11.6.1 Matrix factorization methods

  1. Find features associated with iCluster and MFA factors, and visualize the feature weights. [Difficulty: Beginner]

  2. Normalizing the data matrices by their \(\lambda_1\)’s as in MFA supposes we wish to assign each data type the same importance in the down-stream analysis. This leads to a natural generalization whereby the different data types may be differently weighted. Provide an implementation of weighed-MFA where the different data types may be assigned individual weights. [Difficulty: Intermediate]

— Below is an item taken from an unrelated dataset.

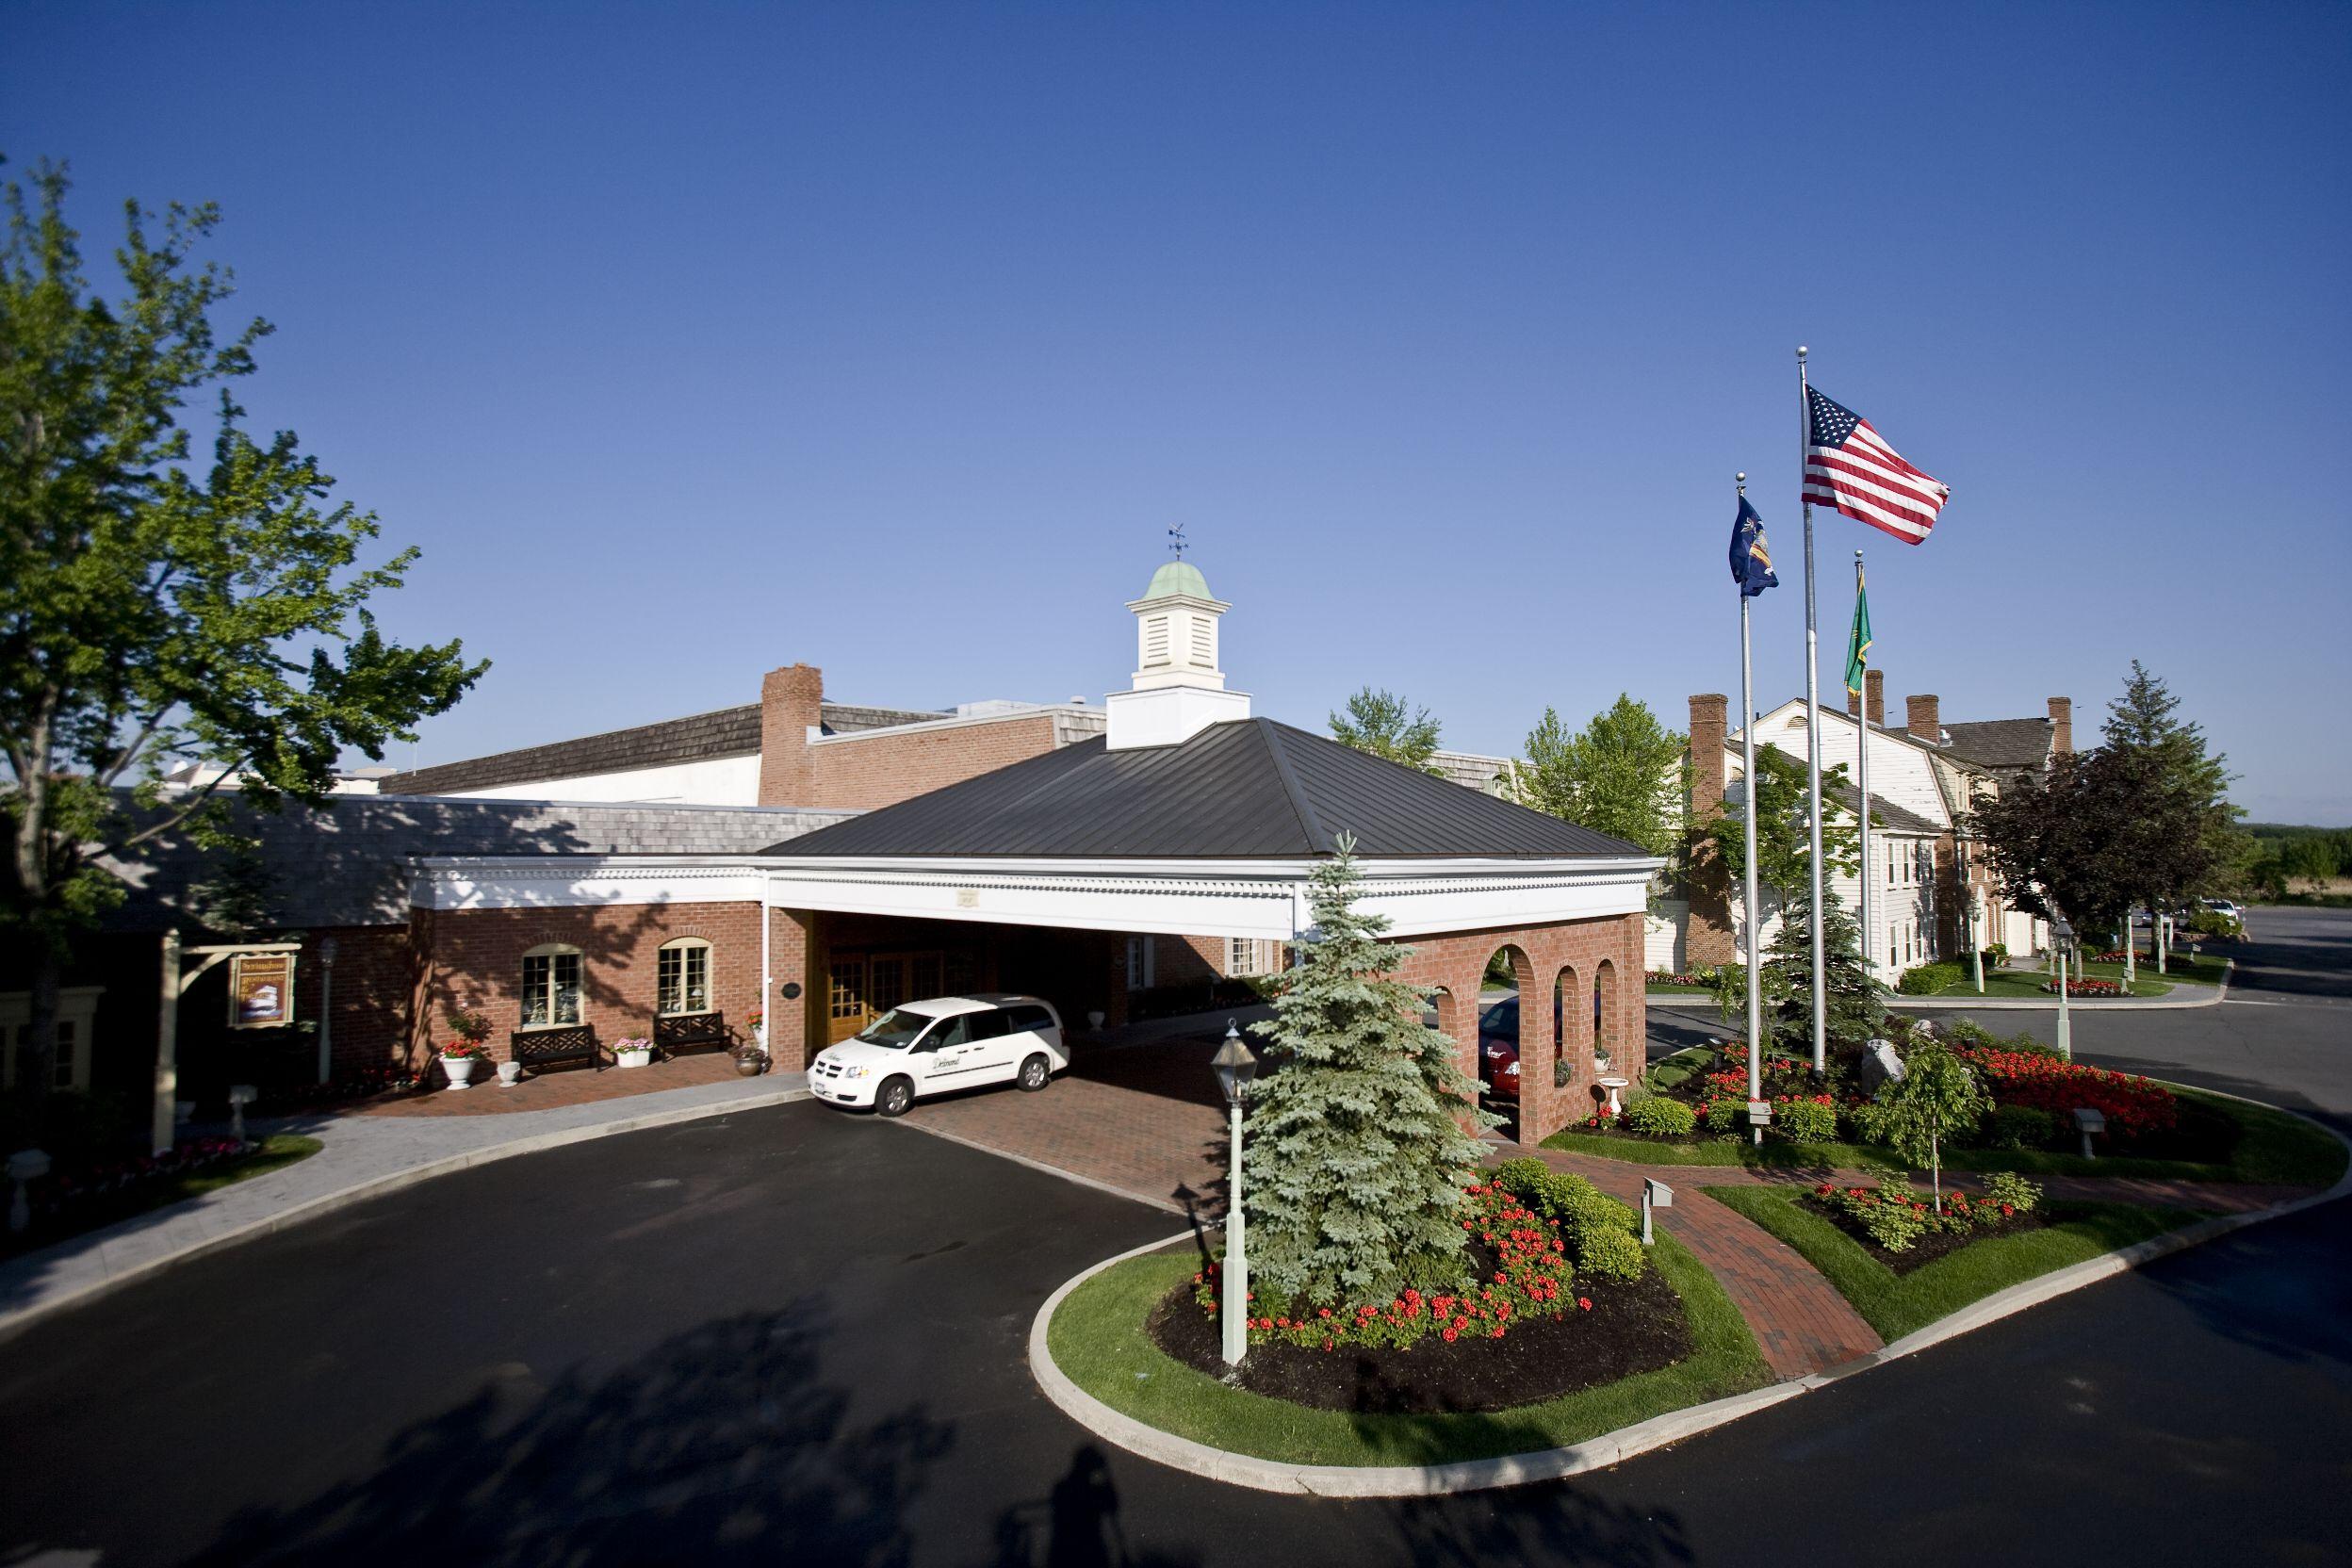 Desmond Hotel

  3. In order to use NMF algorithms on data which can be negative, we need to split each feature into two new features, one positive and one negative. Implement the following function, and see that the included test does not fail: [Difficulty: Intermediate/Advanced]

# Implement this function
split_neg_columns <- function(x) {
    # your code here
}

# a test that shows the function above works
test_split_neg_columns <- function() {
    input <- as.data.frame(cbind(c(1,2,1),c(0,1,-2)))
    output <- as.data.frame(cbind(c(1,2,1), c(0,0,0), c(0,1,0), c(0,0,2)))
    stopifnot(all(output == split_neg_columns(input)))
}

# run the test to verify your solution
test_split_neg_columns()
  1. The iCluster+ algorithm has some parameters which may be tuned for maximum performance. The iClusterPlus package has a method, iClusterPlus::tune.iClusterPlus, which does this automatically based on the Bayesian Information Criterion (BIC). Run this method on the data from the examples above and find the optimal lambda and alpha values. [Difficulty: Beginner/Intermediate]

11.6.2 Clustering using latent factors

  1. Why is one-hot clustering more suitable for NMF than iCluster? [Difficulty: Intermediate]

  2. Which clustering algorithm produces better results when combined with NMF, K-means, or one-hot clustering? Why do you think that is? [Difficulty: Intermediate/Advanced]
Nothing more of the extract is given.